::: Provided material

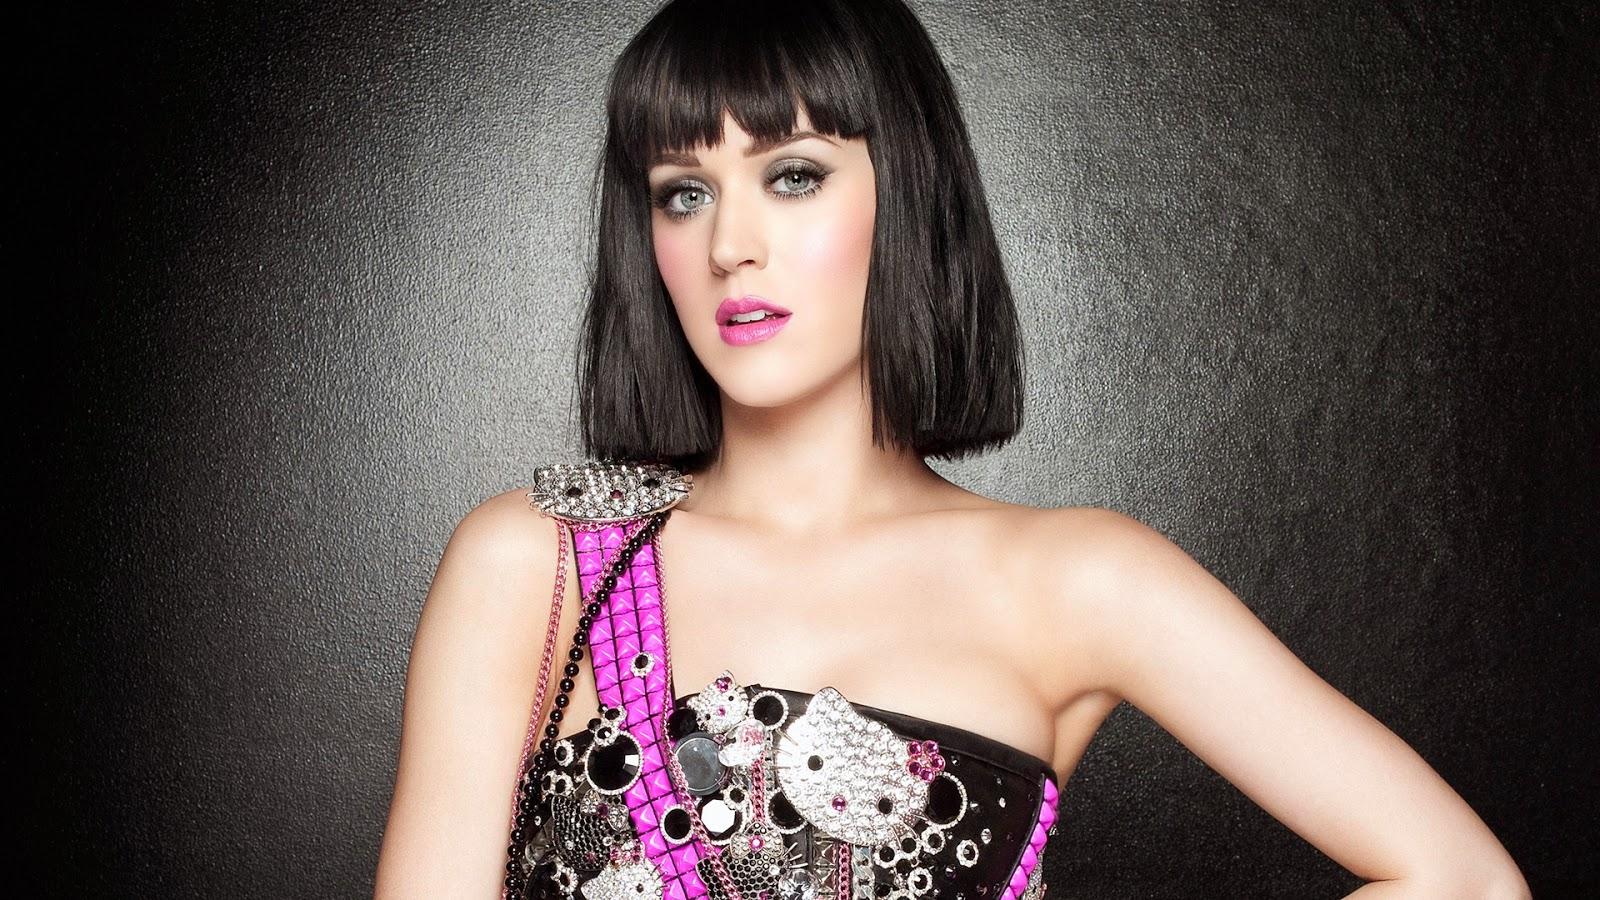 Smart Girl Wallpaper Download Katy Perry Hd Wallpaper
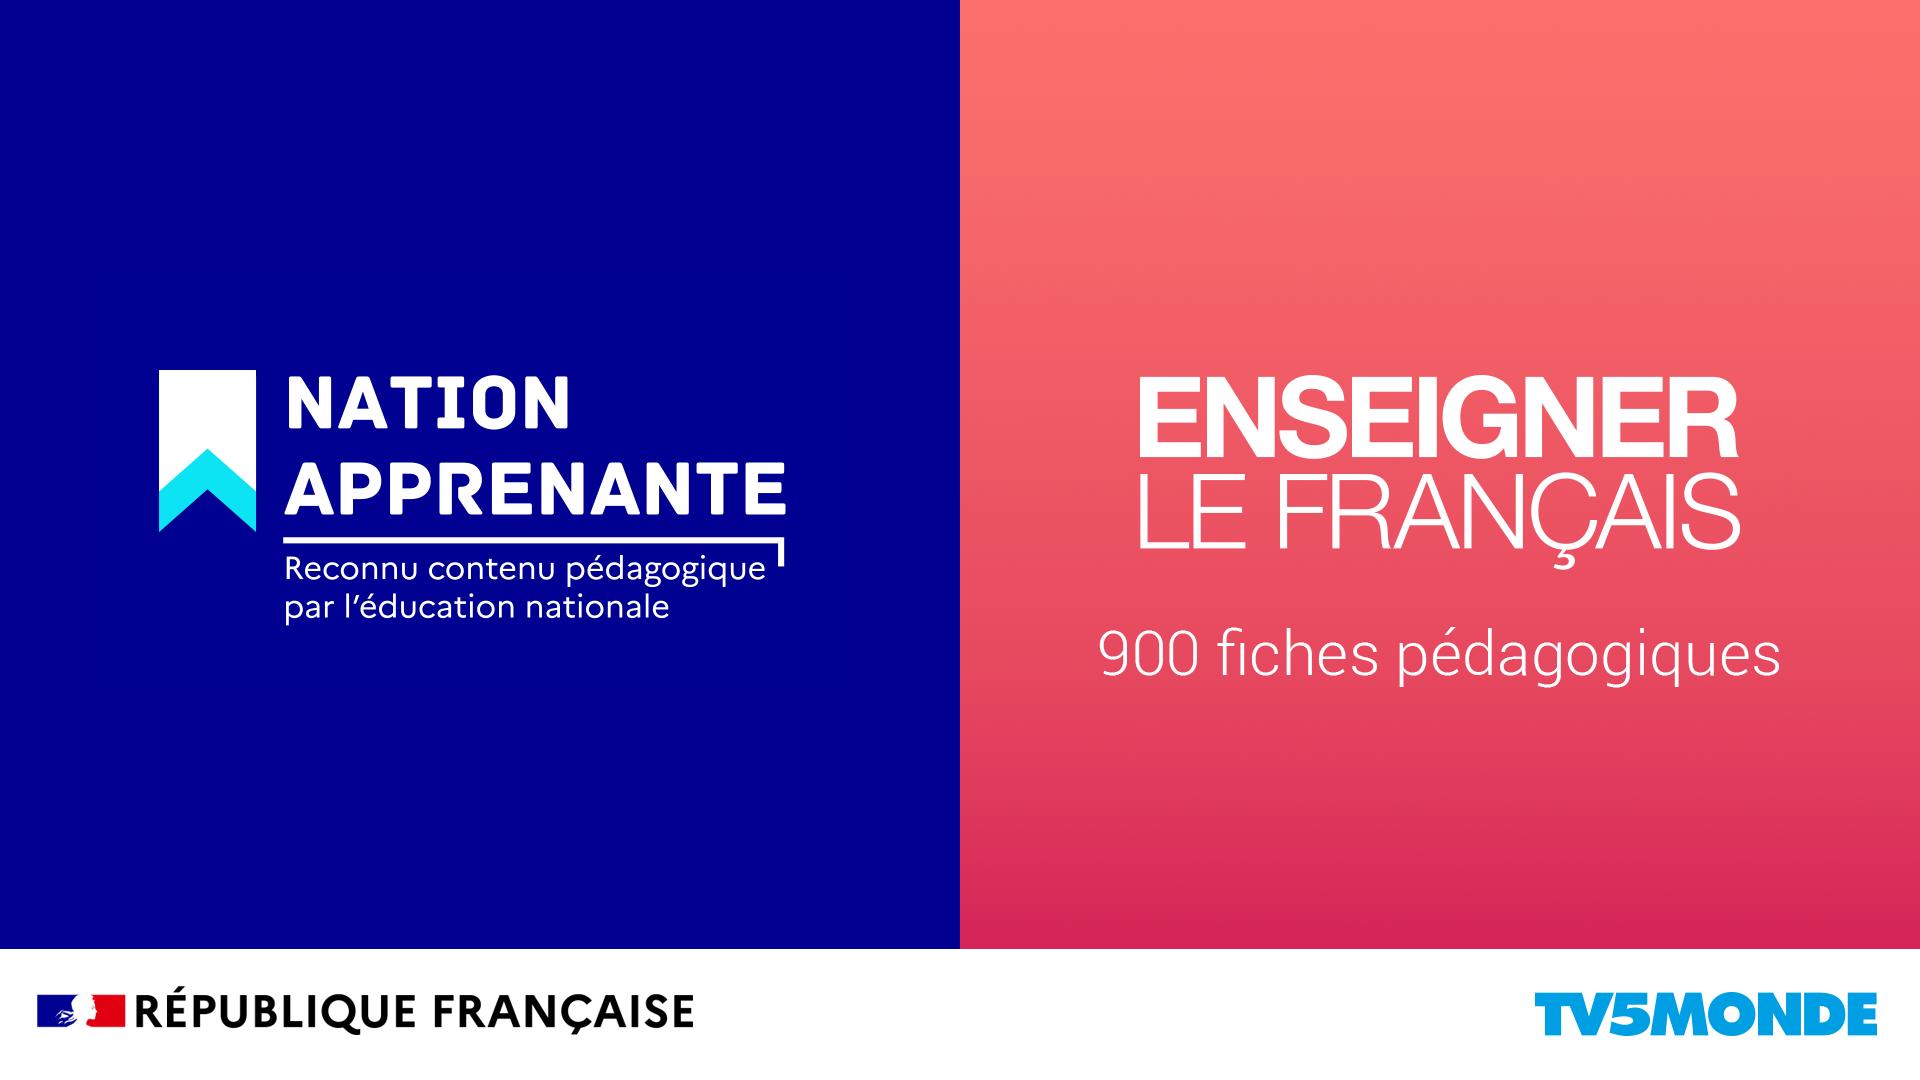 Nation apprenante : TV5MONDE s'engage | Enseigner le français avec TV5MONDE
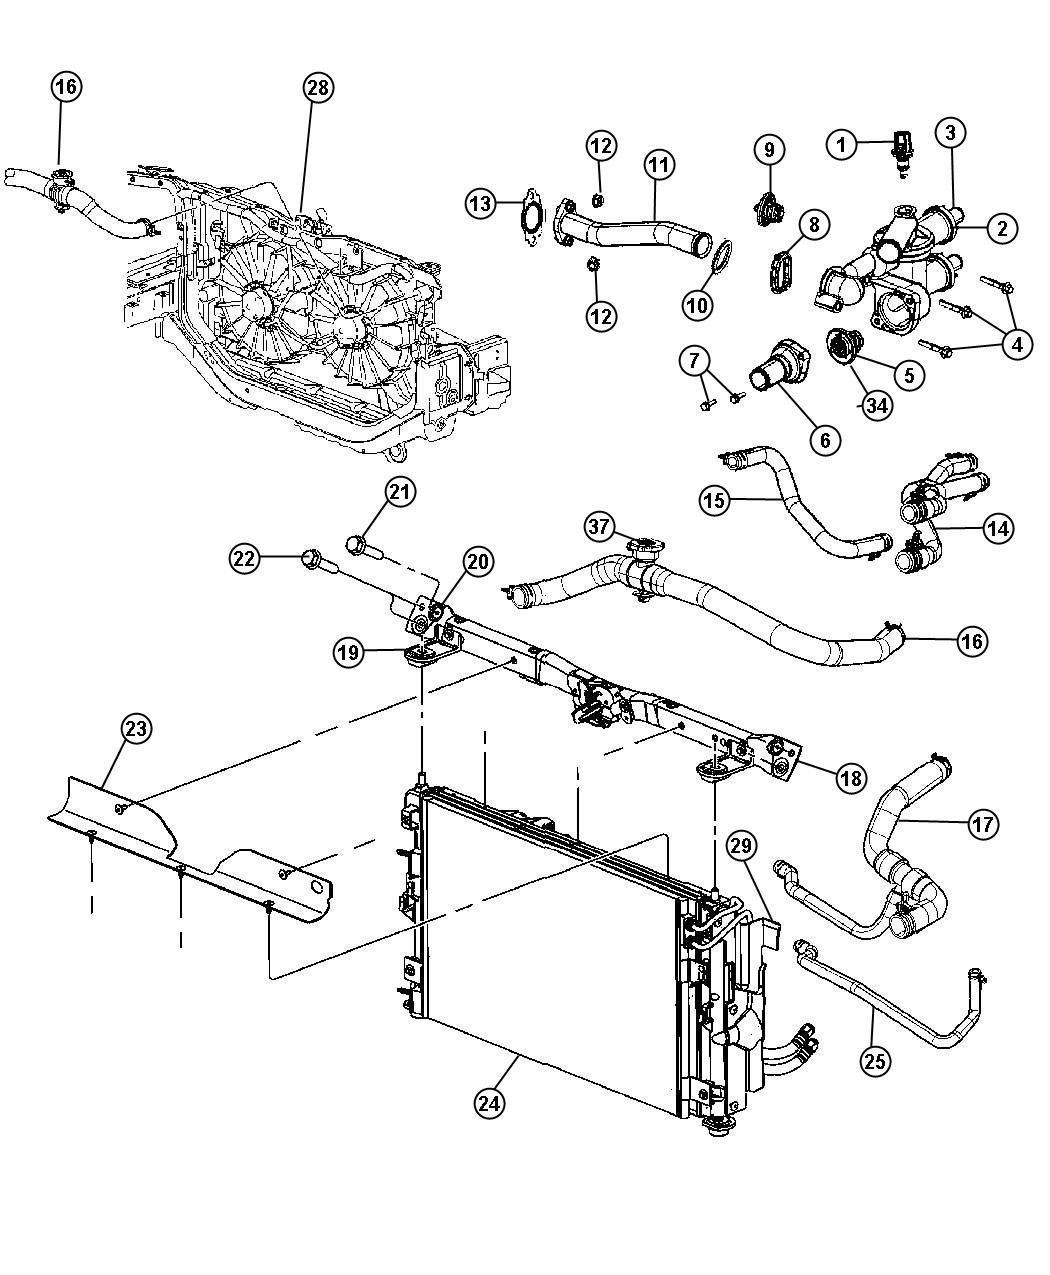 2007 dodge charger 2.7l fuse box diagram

::::::

» **What the task asks**
Leave out all pictures and extract exactly the lines from the line with "Nation apprenante : TV5MONDE" through the end of the material.

» **Your response**
 Nation apprenante : TV5MONDE s'engage | Enseigner le français avec TV5MONDE
 2007 dodge charger 2.7l fuse box diagram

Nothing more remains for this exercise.